What to work on: What's needed is an exact copy of the lines from the one that contains "Tetsuo eurorack power" to the end of the data below, leaving the pictures out.

##### Source data

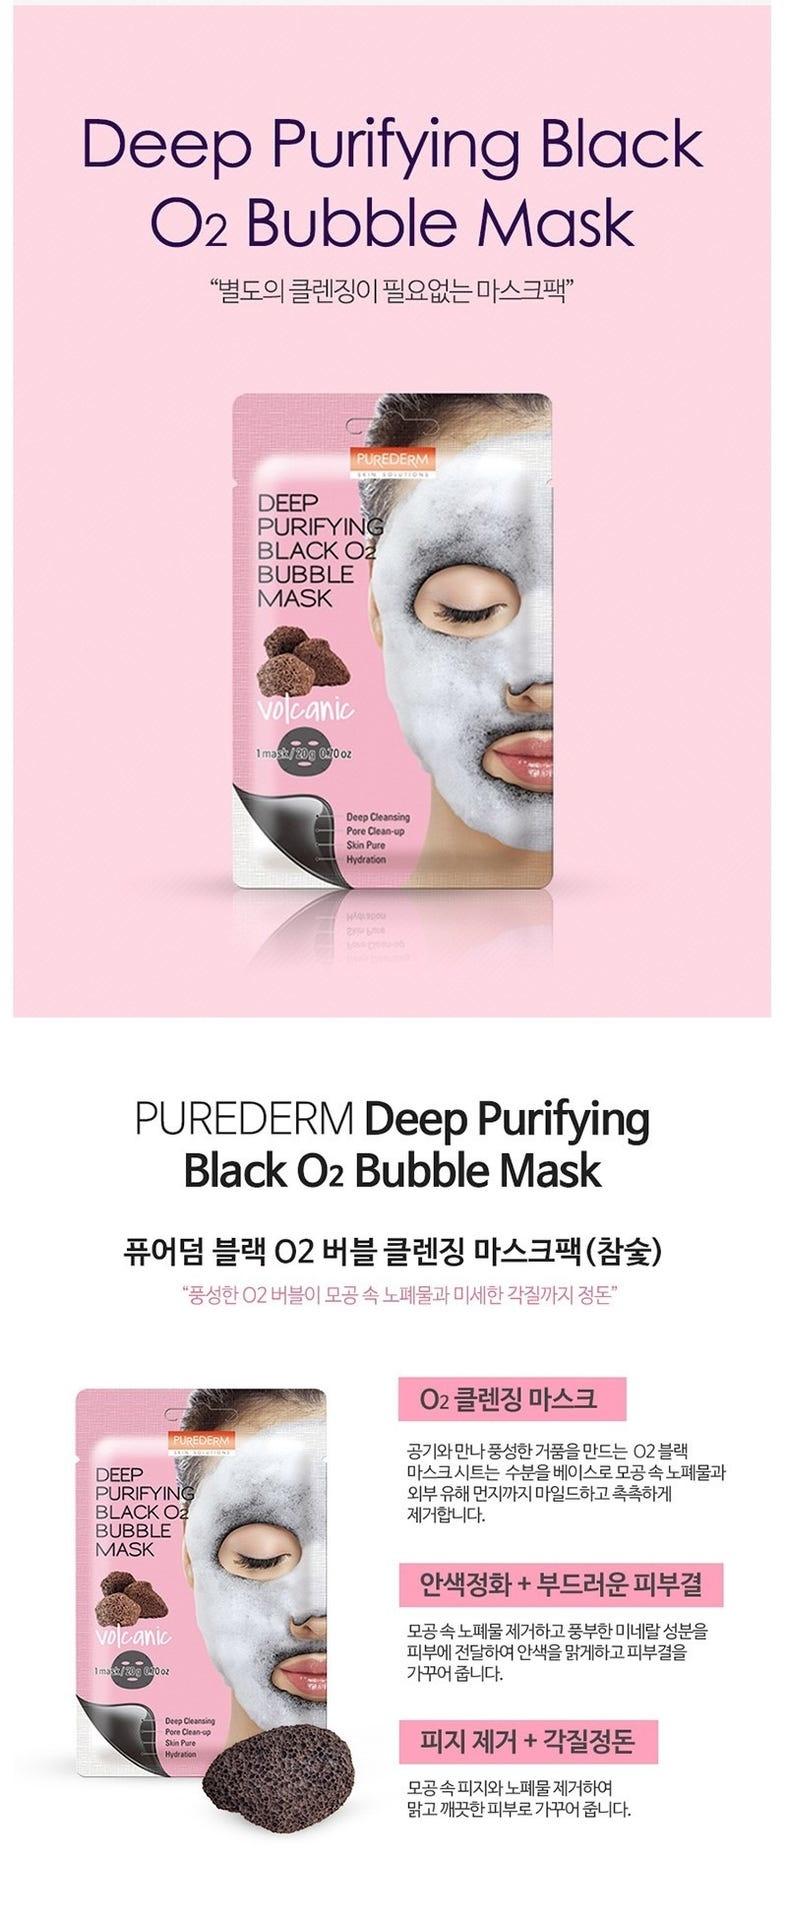 Deep Purifying Black O2 Bubble Mask (Volcanic)-2
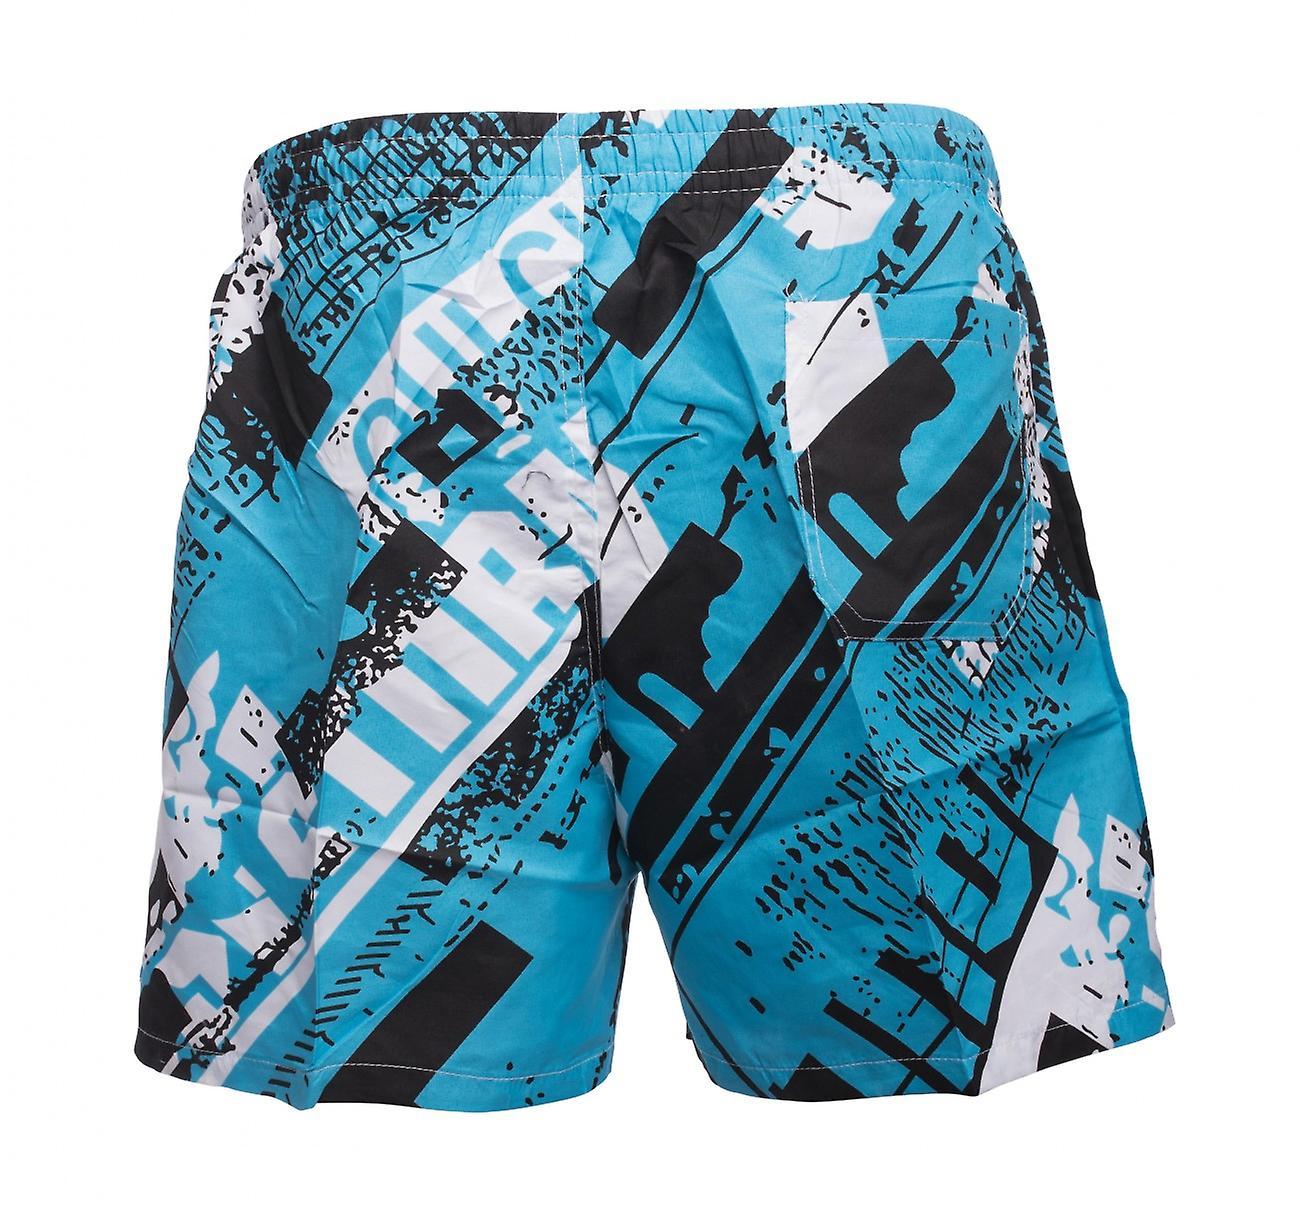 Mens Skater Schwimmen Boardshorts Shorts Badepanty Artwork Print Hosen Fruugo
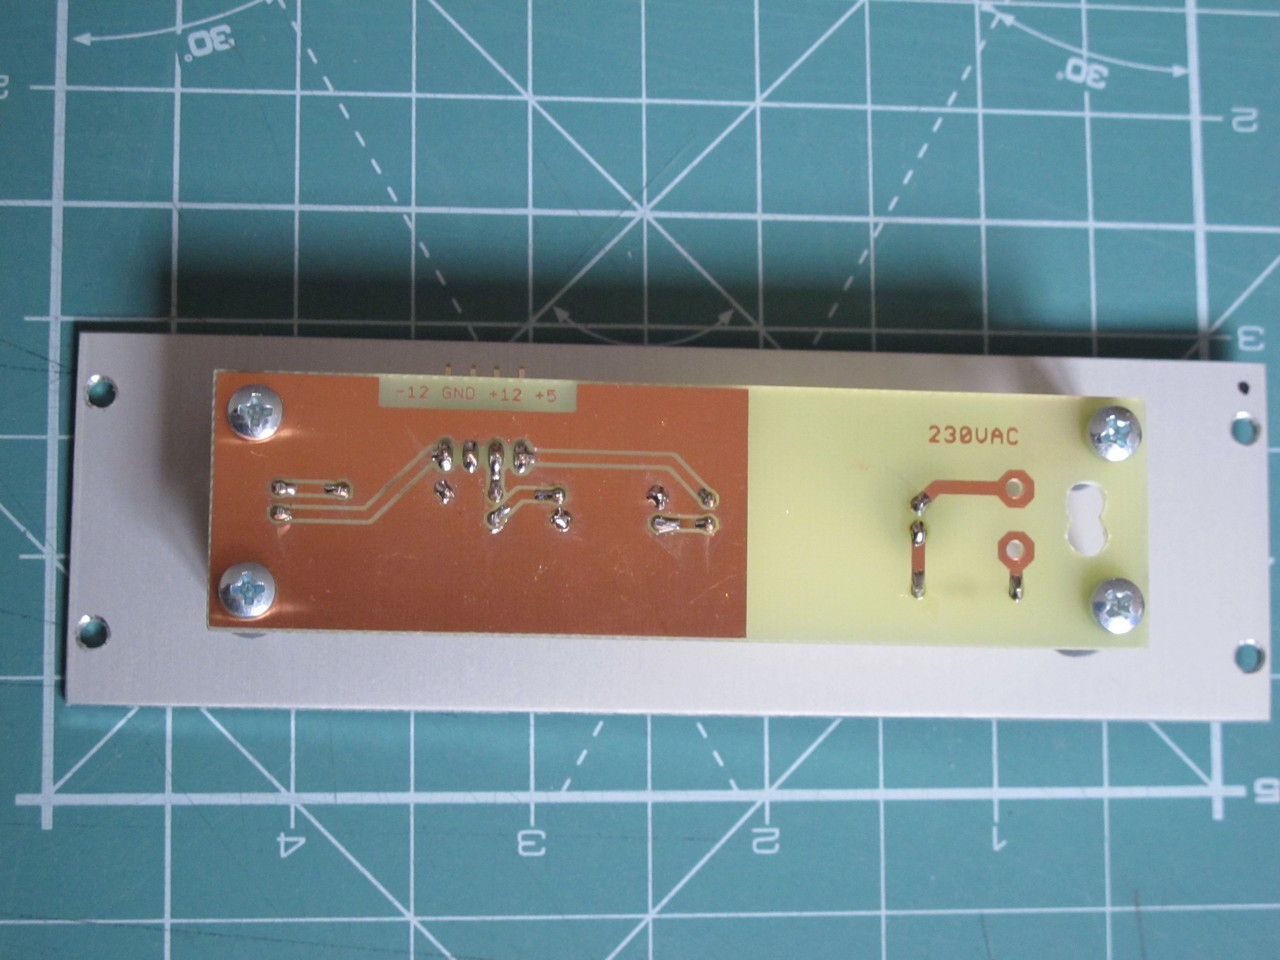 Tetsuo eurorack power supply indicator, back shot
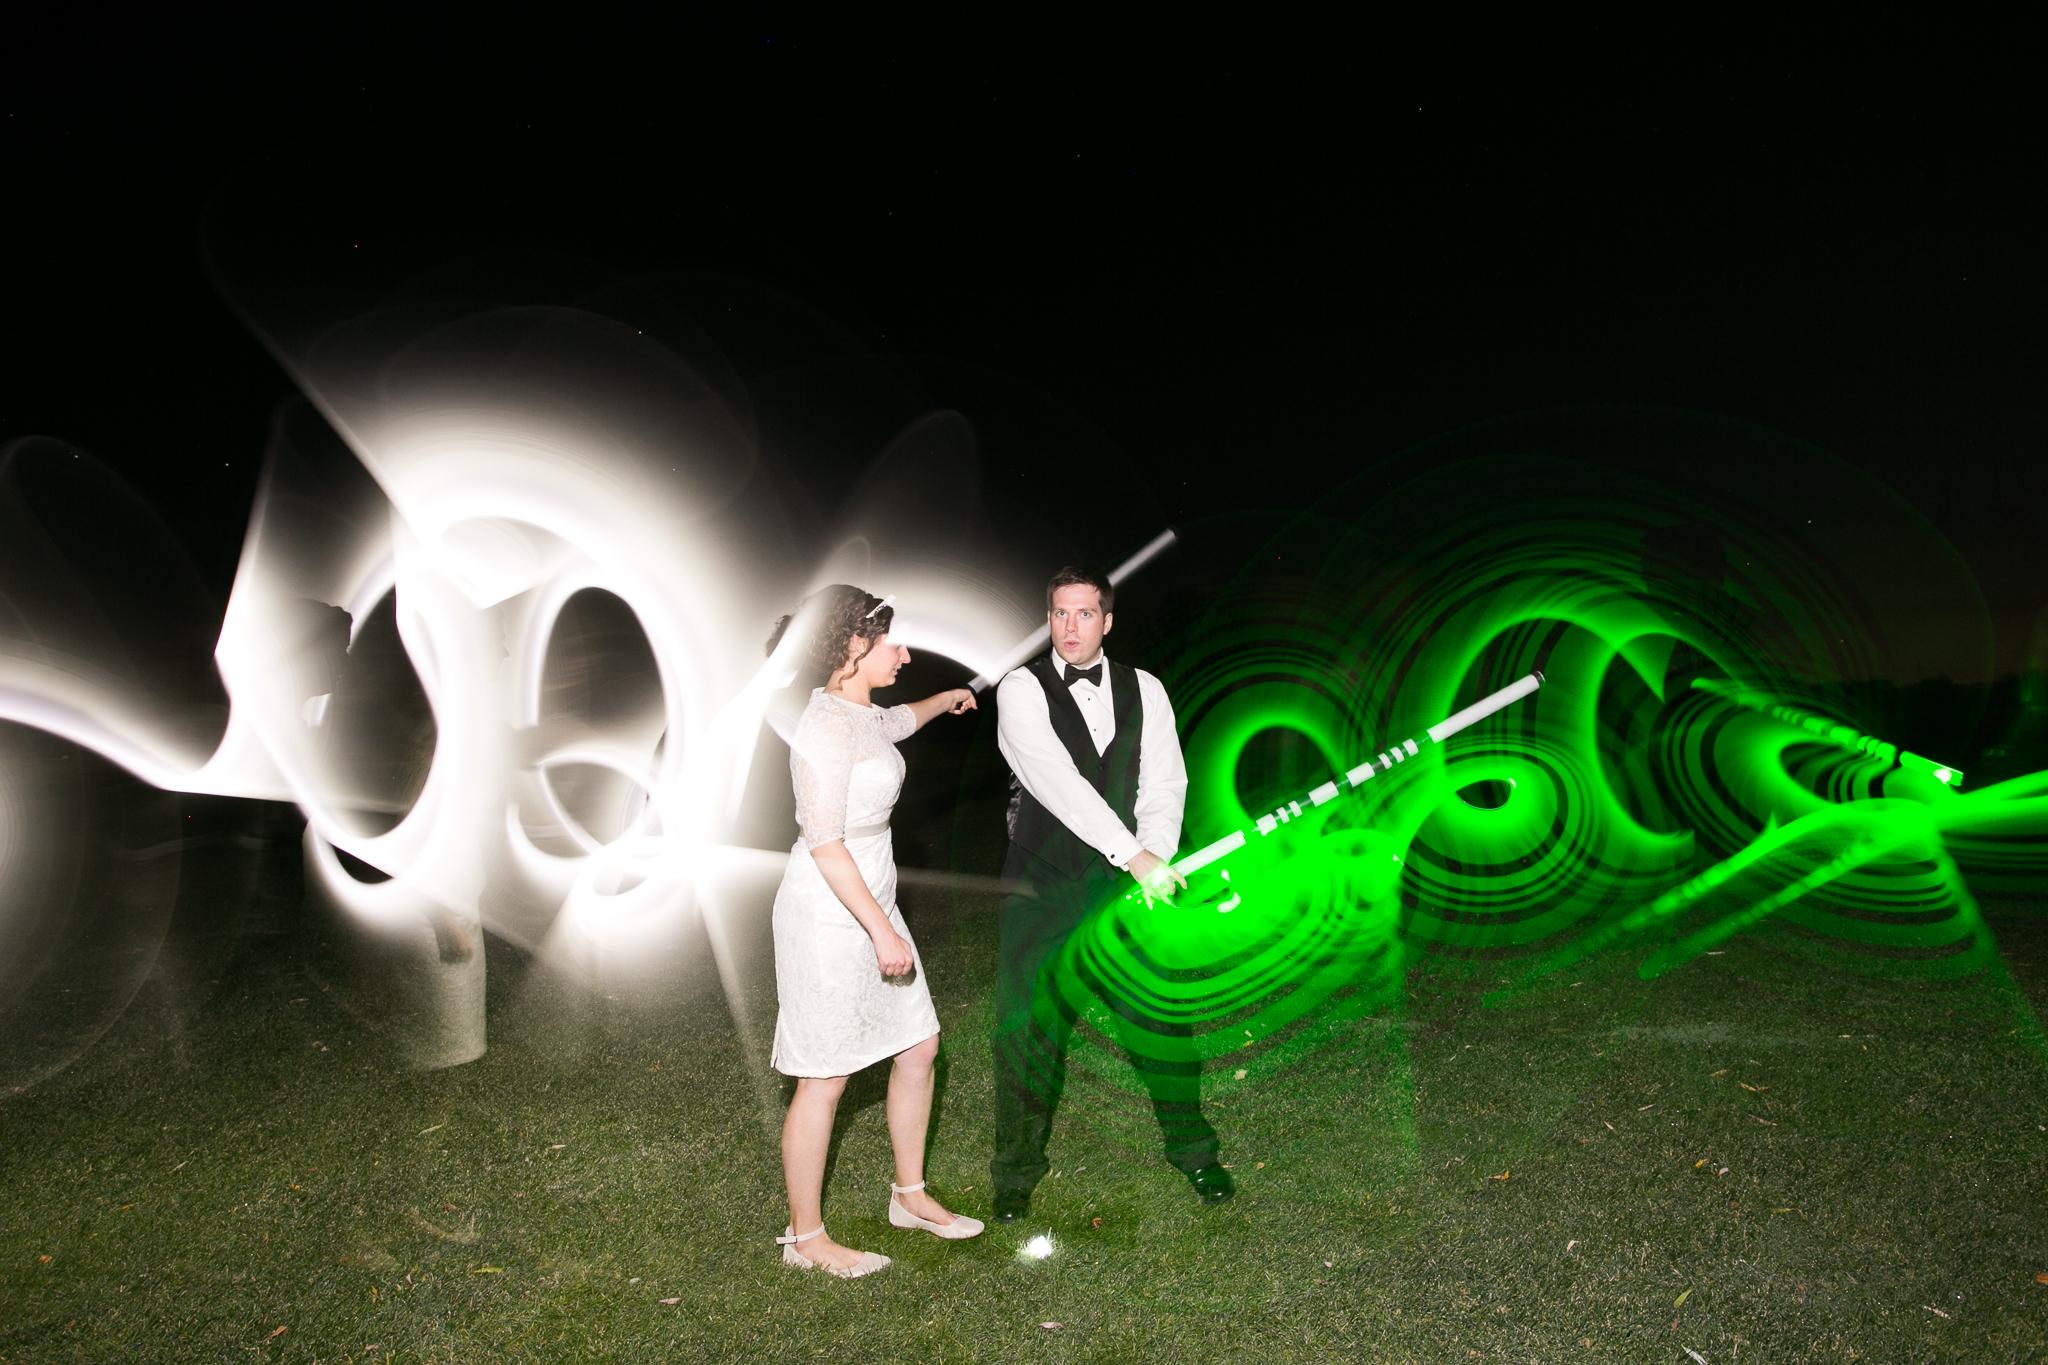 camuglia-whomstudio-chelsea_and_andy-nycphotographer-wedding-brooklyn-buffalo-timberlodge-185-5770.jpg

##########

Task answer:
 Tetsuo eurorack power supply indicator, back shot
 camuglia-whomstudio-chelsea_and_andy-nycphotographer-wedding-brooklyn-buffalo-timberlodge-185-5770.jpg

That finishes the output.